I think all schools should have that on the curriculum actually.

WelshMoth · 11/02/2012 14:21

Thanks Lying, already done so. The children are all 6, but it's gone beyond casual and hurtful remarks, to full blown torment now. School is aware, I've approached the 3 sets of parents separately.

Their response? "Oh girls will be girls....".

I'm about an inch from saying something to the children themselves, but I know that's not the right thing to do. I'm relying on the parents sorting it, but so far, none of them accept that it's serious.

'Cos it's a joke. Yeah, right. Sad

brighthair · 11/02/2012 14:47

This is my red hair. Do I want my children to have it? No.
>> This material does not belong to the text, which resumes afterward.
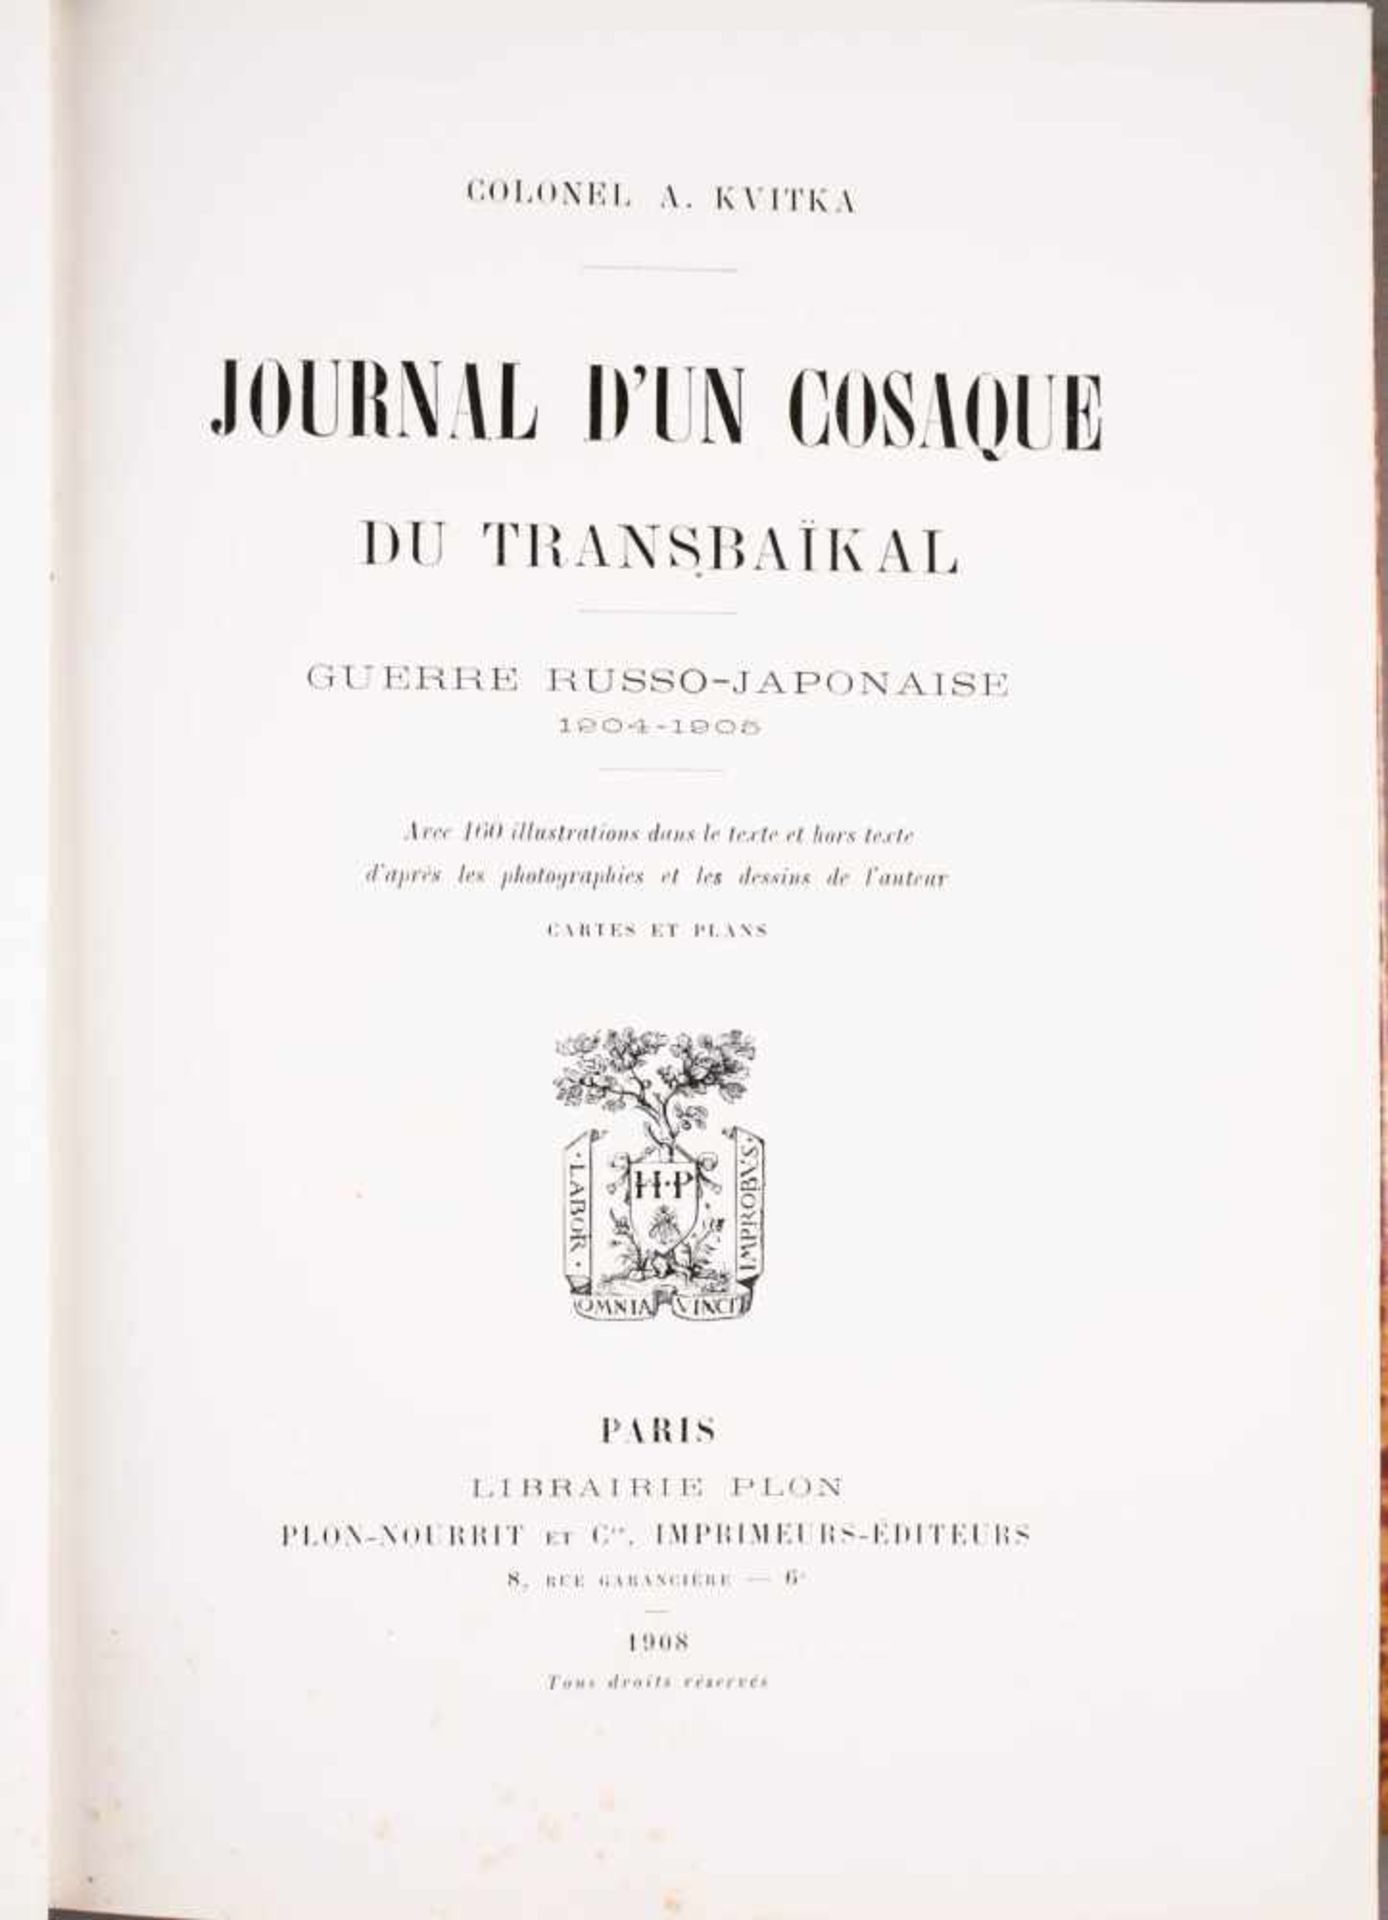 GRAFIKZwei französischsprachige Bücher Paris, 1892 und 1908 Gebundene Ausgaben mit schwarz-weiß - Bild 3 aus 3
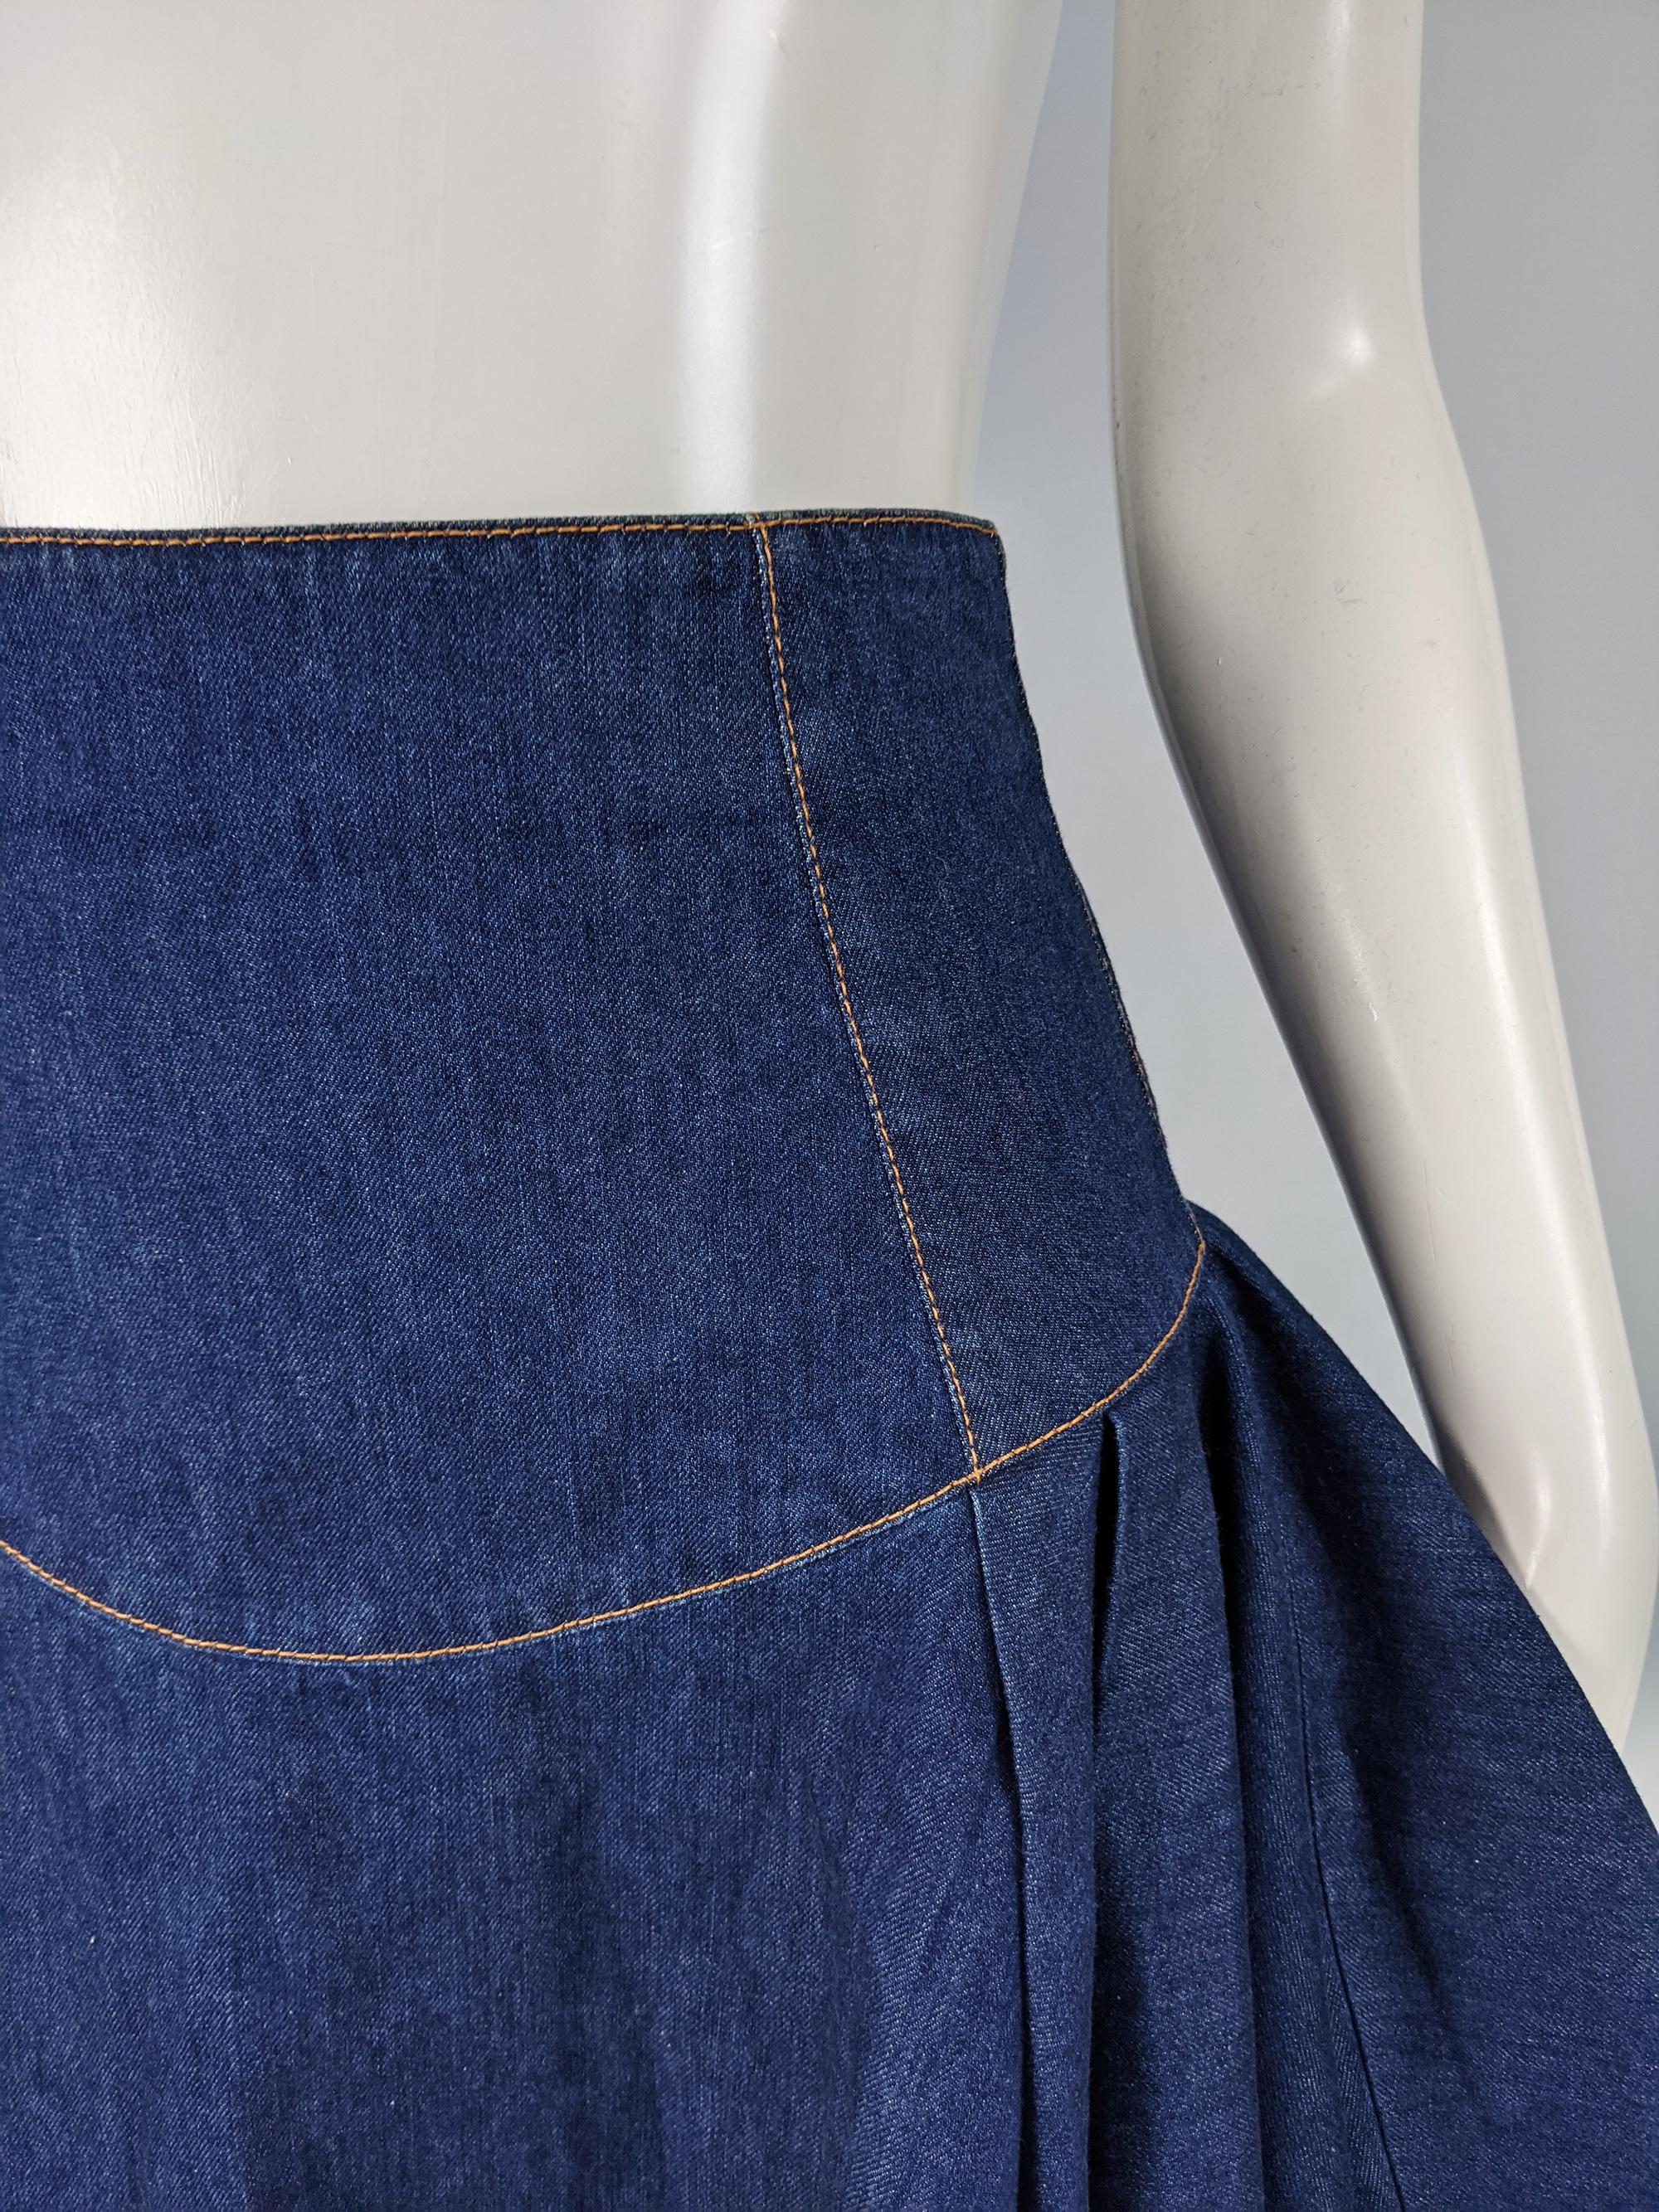 Alexander McQueen Blue Denim Flared Skirt For Sale 5

It is still the last acceptable form of racism and I would rather they didn't go through what I went through

i285.photobucket.com/albums/ll66/brighthair84/83668b0e.jpg

brighthair · 11/02/2012 14:50

WelshMoth - go and see the HT, ask if it would be acceptable to do that if they were teasing about her skin colour. It wouldn't be and they need to take a more firm view. Children have been through hell at schools over their hair colour as it's seen as ok?

I often forget this hair colour comes with this temper Grin

WorraLiberty · 11/02/2012 14:51

Are ginger people considered an actual race?

brighthair · 11/02/2012 14:58

Possibly not but it is discriminating against someone for their hair colour which in my mind needs to be taken a lot more seriously. Replace kick a ginger day with kick a black/deaf day and see how it suddenly becomes a bigger issues. It isn't taken seriously enough, it really isn't and a lot of it isn't just "gentle teasing"
I moved schools and spent a year out of school as I was too terrified to go back. People still say stuff about my hair. I've been stood in a shop before and had someone behind me say to her friend "look, ginger hair" and her friend reply "yeah, ugly ginger hair innit" Sad

LyingWitchInTheWardrobe2726 · 11/02/2012 15:52

WelshMoth... As brighthair suggests, go to the headteacher and, if you get the 'girls will be girls' response, tell them that you are taking it to governors - and do. Keep escalating. You're not the only parent out there who will be having problems like this. I doubt there's a parent of a child anywhere with a child who is so unremarkable in appearance that they escape all comments. Children can be horrid, this is part of their learning that they find out that it's not ok.

Please post back on how it went, I really want to know that you've been heard and this has been properly addressed.

SarfEasticated · 11/02/2012 17:30

sounds terrible welshmoth hope you get it sorted.